We can notice from these Figures, that the four methods give different clustering. DBSCAN (Fig. 13) give more compact classes. One cluster (rich neighborhood in blue) is bigger, in terms of size than the other two. K-means\(_{d_{Dyn2}}\) divide this class into two (rich and middle classe neighborhood). CAH (Fig. 14) does the same; however, its rich neighborhood is smaller and is located south. Both K-means\(_{d_{Dyn2}}\) and CAH define the same poor neighborhood.
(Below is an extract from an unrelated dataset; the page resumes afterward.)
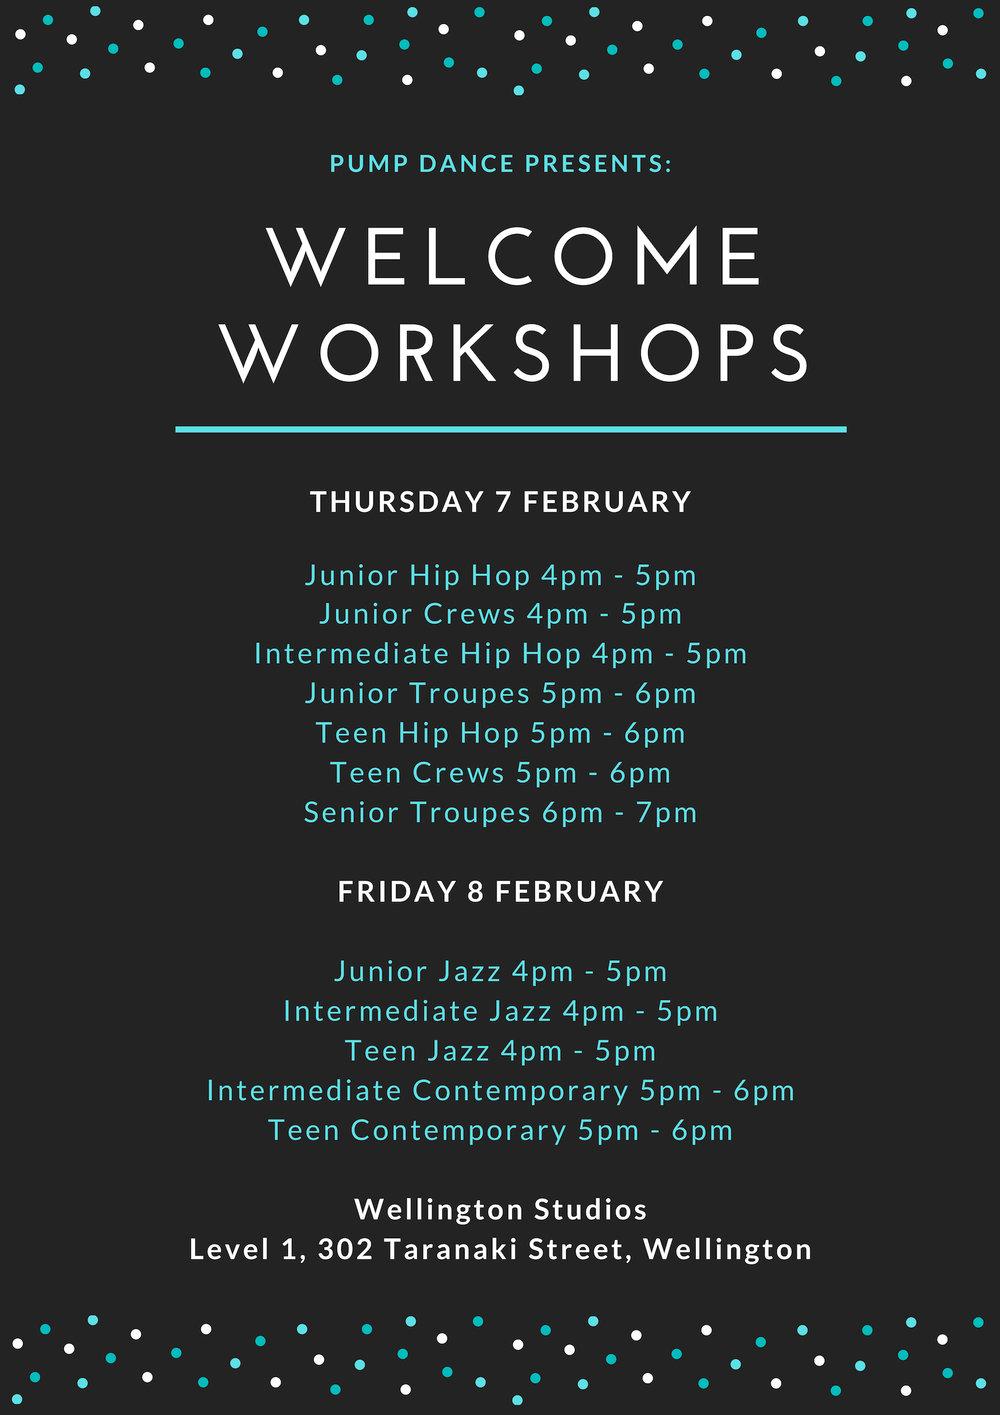 Pump Dance Wellington Welcome Workshops 2019

If we compare the intra cluster inertia of DBSCAN, CAH and K-means\(_{d_{Dyn2}}\) (see Fig. 15), we notice that, DBSCAN has the best followed by K-means\(_{d_{Dyn2}}\) and CAH. However, for this method, objects that are distant or isolated are considered noises and are not assigned to clusters. In Fig. 13, these points are in black and represent 3.4% of the size of the benchmark. While the execution time of DBSCAN and K-means\(_{d_{Dyn2}}\) somehow similar, CAH takes much more time (Fig. 15).

6 Conclusions

We focused, in our work, on the main descriptive task of SDM, spatial clustering. The main goal of our study was to compare two spatial clustering approaches namely: the spatial data preprocessing approach (static) and dynamic approach. For the second approach, we proposed to take into consideration the spatial component in the similarity measure. We proposed two distances, \(d_{Dyn1}\) and \(d_{Dyn2}\). The various tests performed on the benchmark Boston, showed that the approach proposed (\(K-means_{d_{Dyn1}}, K-means_{d_{Dyn2}}\)) gives better results than the preprocessing approach in terms of execution time. This was the main goal as the preprocessing approach takes too much time. The results obtained with \(K-means_{d_{Dyn1}}\) seems similar to those of the preprocessing approach but with more precise boundaries. This is due to the fact that \(K-means_{d_{Dyn1}}\) takes into consideration both spatial and non spatial attributes. \(K-means_{d_{Dyn2}}\) is more efficient in terms of intra-class inertia, it makes a good description in terms of regionalization and characterization of these obtained regions.